Кляйнцайт вышел из Подземки, свернул на улицу, двинулся вверх по склону. Серое небо. Зябкий ветер. Кирпичные дома, двери, окна, крыши, трубы, медленно взбираются по склону шаг за шагом.
Он остановился перед домом. Старый красный кирпич и восходящая сырость. Старый тенистый дверной проем, выкрашенный охрой. Старые выкрашенные в зелень трубы, льнущие к фасаду, ветвящиеся, как лозы. Старые зеленые перила оград. Стертые ступени. Окна ничего не видели. Сбрендив в кирпиче своем, старый дом вставал на дыбы, словно слепая лошадь.
Будь домом моего детства, сказал Кляйнцайт.
Обои заплакали, ковры вспотели, воздух заскорузл от запаха старой жарки. Да, сказал дом.
Кляйнцайт облокотился на зеленые шипы ограды, подняв голову, взглянул в серое небо. Я не очень молод, сказал он. Мои родители, верно, уже умерли.
Отправился на кладбище. Наискось растет высокая трава, стертые камни. Мертвое кладбище. Я не так стар, сказал Кляйнцайт, ну да ладно.

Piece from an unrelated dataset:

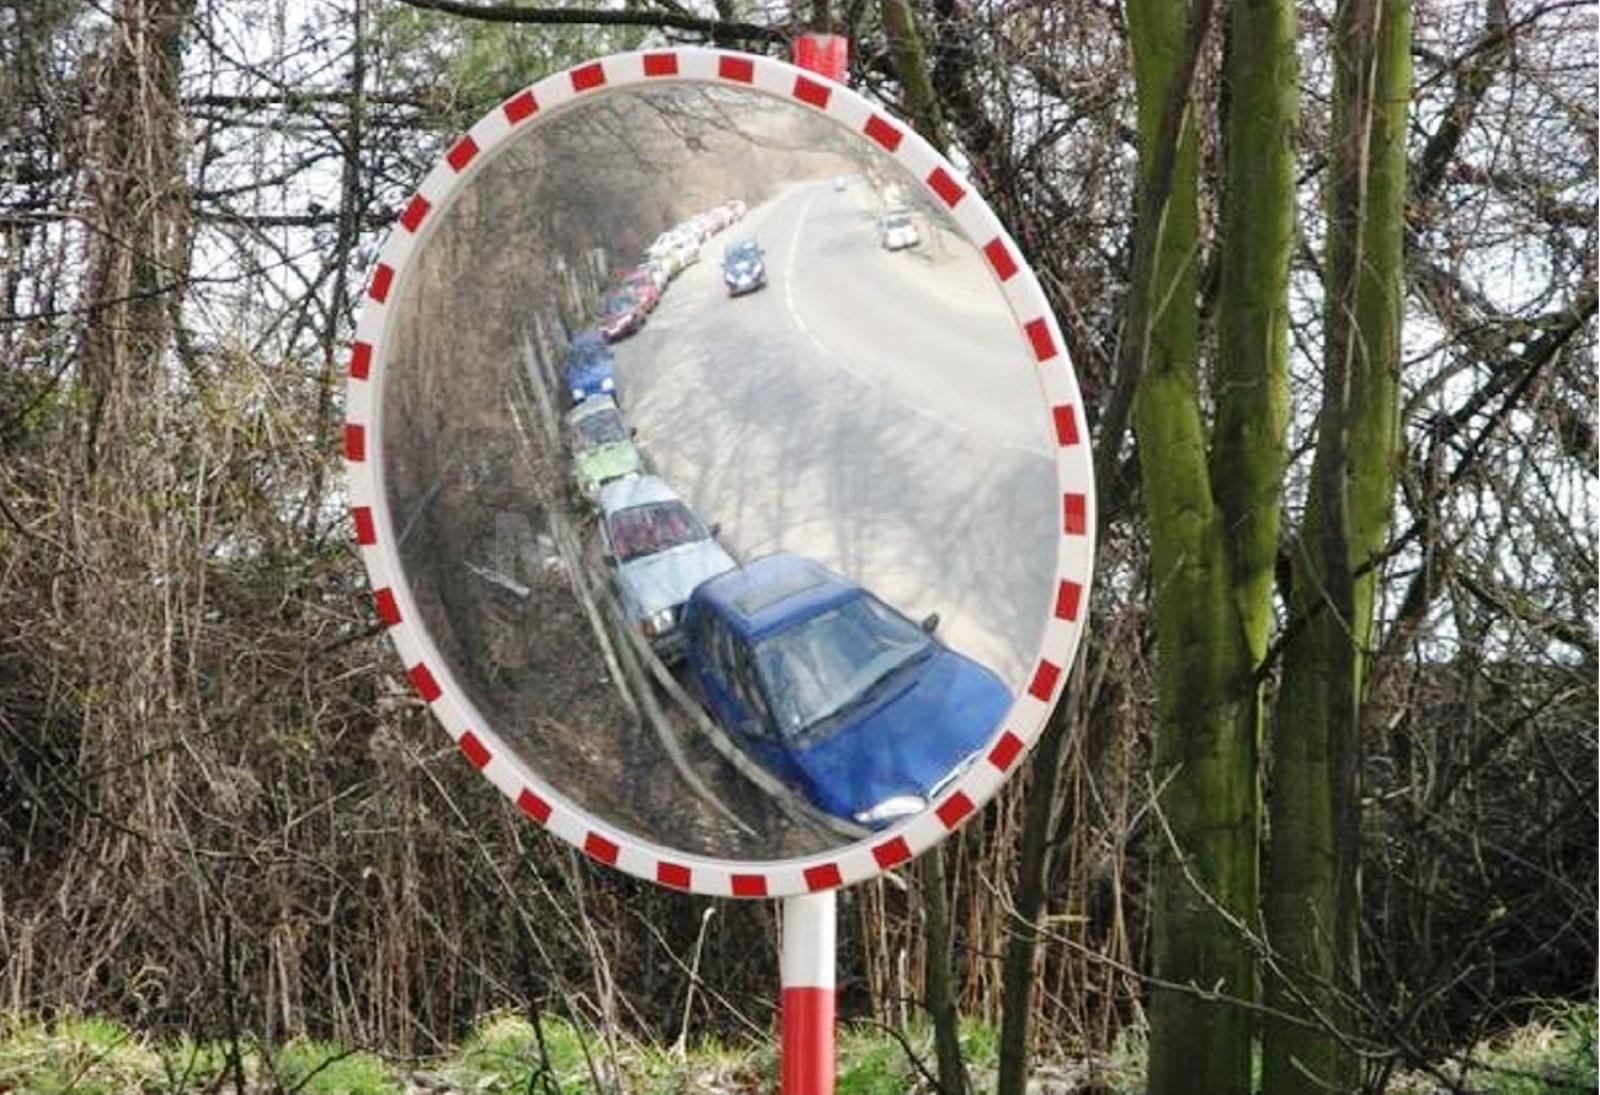 Сферические зеркала, активно используемые как в торговых центрах, так и при обустройстве дорог, тема нашего материала сегодня. В рамках этого сюжеты мы расскажем об основных типах данного вида оснащения, их особенностях и направлениях использования.

Серость прекратилась, солнечный свет поступал сверху так жестко, что трудно было хоть что-то увидеть. В траве кипел ветер. Буквы, вырезанные в камнях, почернели от времени, потускнели тишиной, могли сложиться в любые имена или никакие вообще.
Кляйнцайт встал перед камнем, произнес: Будь моим отцом.

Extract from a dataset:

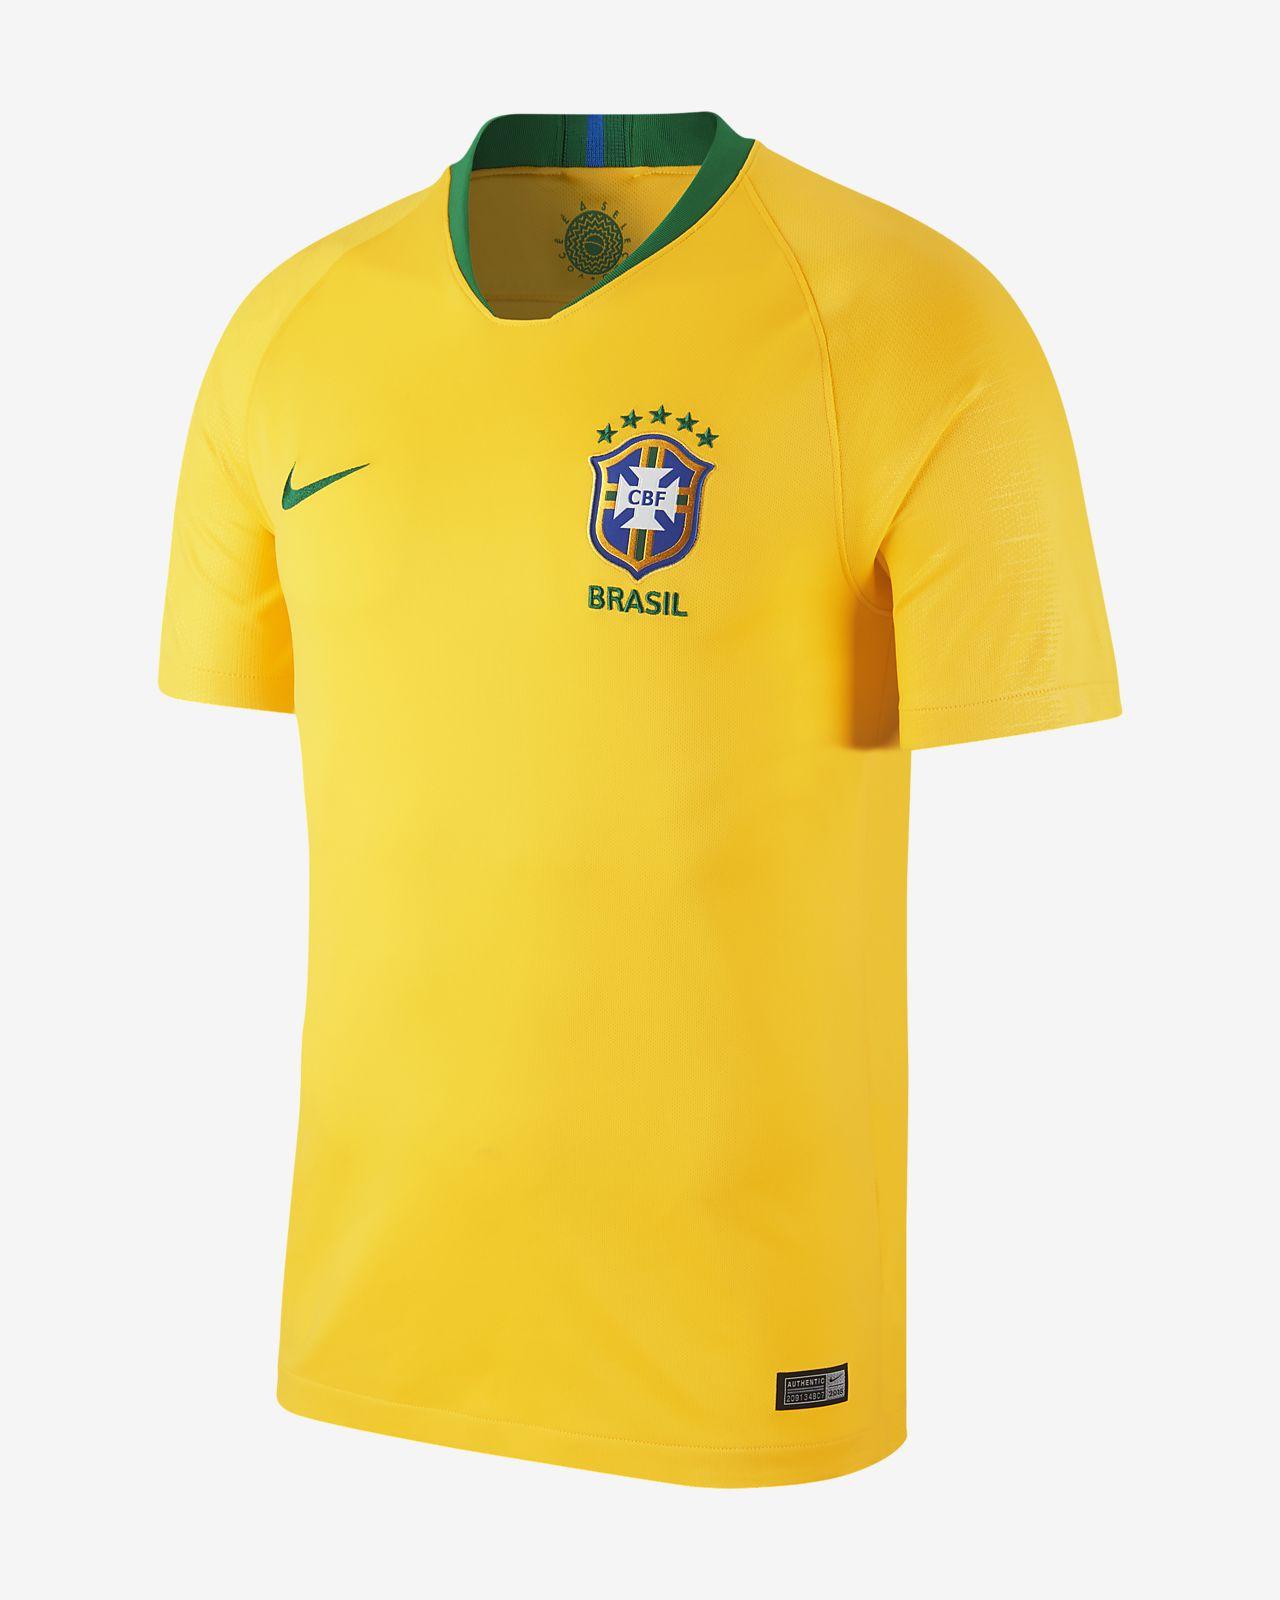 2018 ブラジル CBF スタジアム ホーム メンズ サッカージャージー

Моррис Кляйнцайт, сказал камень. Родился. Умер.
Будь моей матерью, сказал Кляйнцайт другому камню.
Сэди Кляйнцайт, сказал камень. Родилась. Умерла.
Говорите со мной, сказал Кляйнцайт камням.

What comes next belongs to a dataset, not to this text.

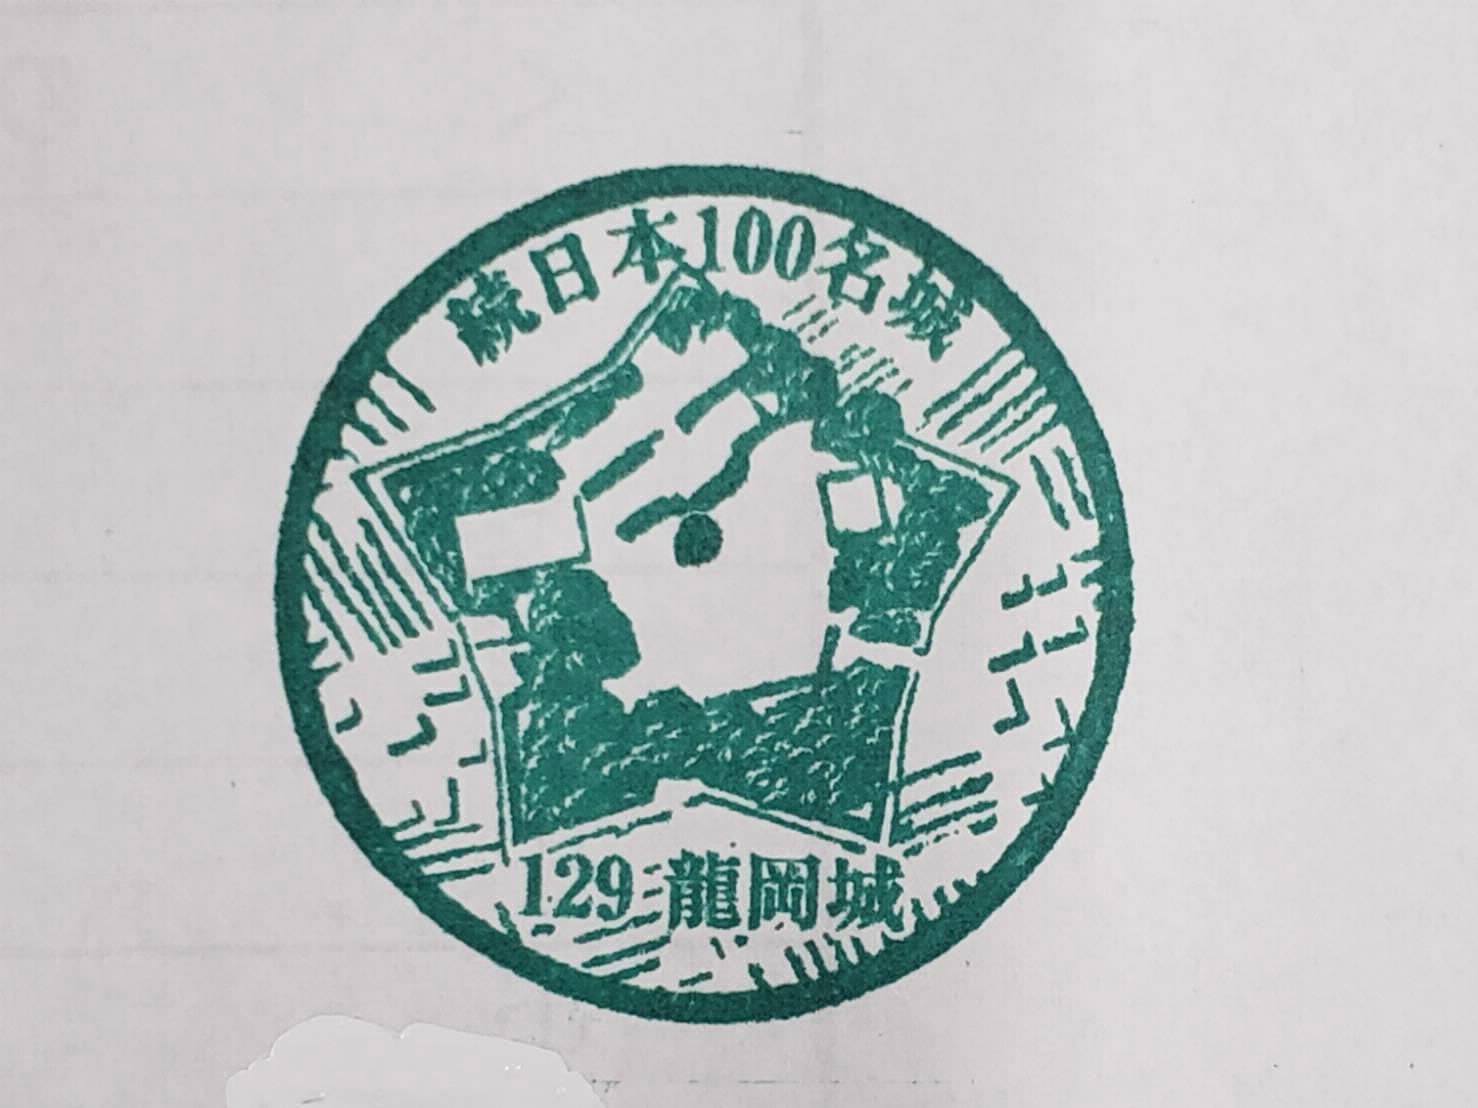 http://www.sakukankou.jp/sightseeing/1594732046955_cleaned.jpg

Я не знал, сказал отцов камень.
Я знала, сказал материн.
Спасибо, сказал Кляйнцайт.
Он подошел к телефонной будке. Отличное место цветы выращивать, подумал он, вошел внутрь, возложил руки на телефон, не набирая номер.
Брат? – спросил Кляйнцайт.
Никто не может тебе ничего рассказать, произнес голос из предместий.
Кляйнцайт вышел из телефонной будки, вошел в Подземку, сел в поезд. Реклама сказала: ВАМ БЫ ЛУЧШЕ СТАТЬ ПОЧТАЛЬОНОМ.
Он вышел из Подземки, свернул в конный двор, занятый двумя «ягуарами» типа Е, одним «бентли», одним «порше», разнообразными ярко окрашенными «мини», «фиатами», «фольксвагенами». Остановился перед белым домом с синими ставнями. По бокам входной двери – черные каретные фонари.
Больше не твои, сказали синие ставни.
Пока, папуля, сказали два велосипеда.
Кляйнцайт кивнул, отвернулся, миновал газетный киоск, мельком взглянул на заголовки. ПЛАЧЬ-КА, БОГА РАДИ. Он вернулся в больницу.
Вокруг койки толстяка шторки задернули. С ним были Мягти, Складч и дневная медсестра. Две сиделки вкатили предвестник. Кляйнцайт услышал, как толстяк сопит.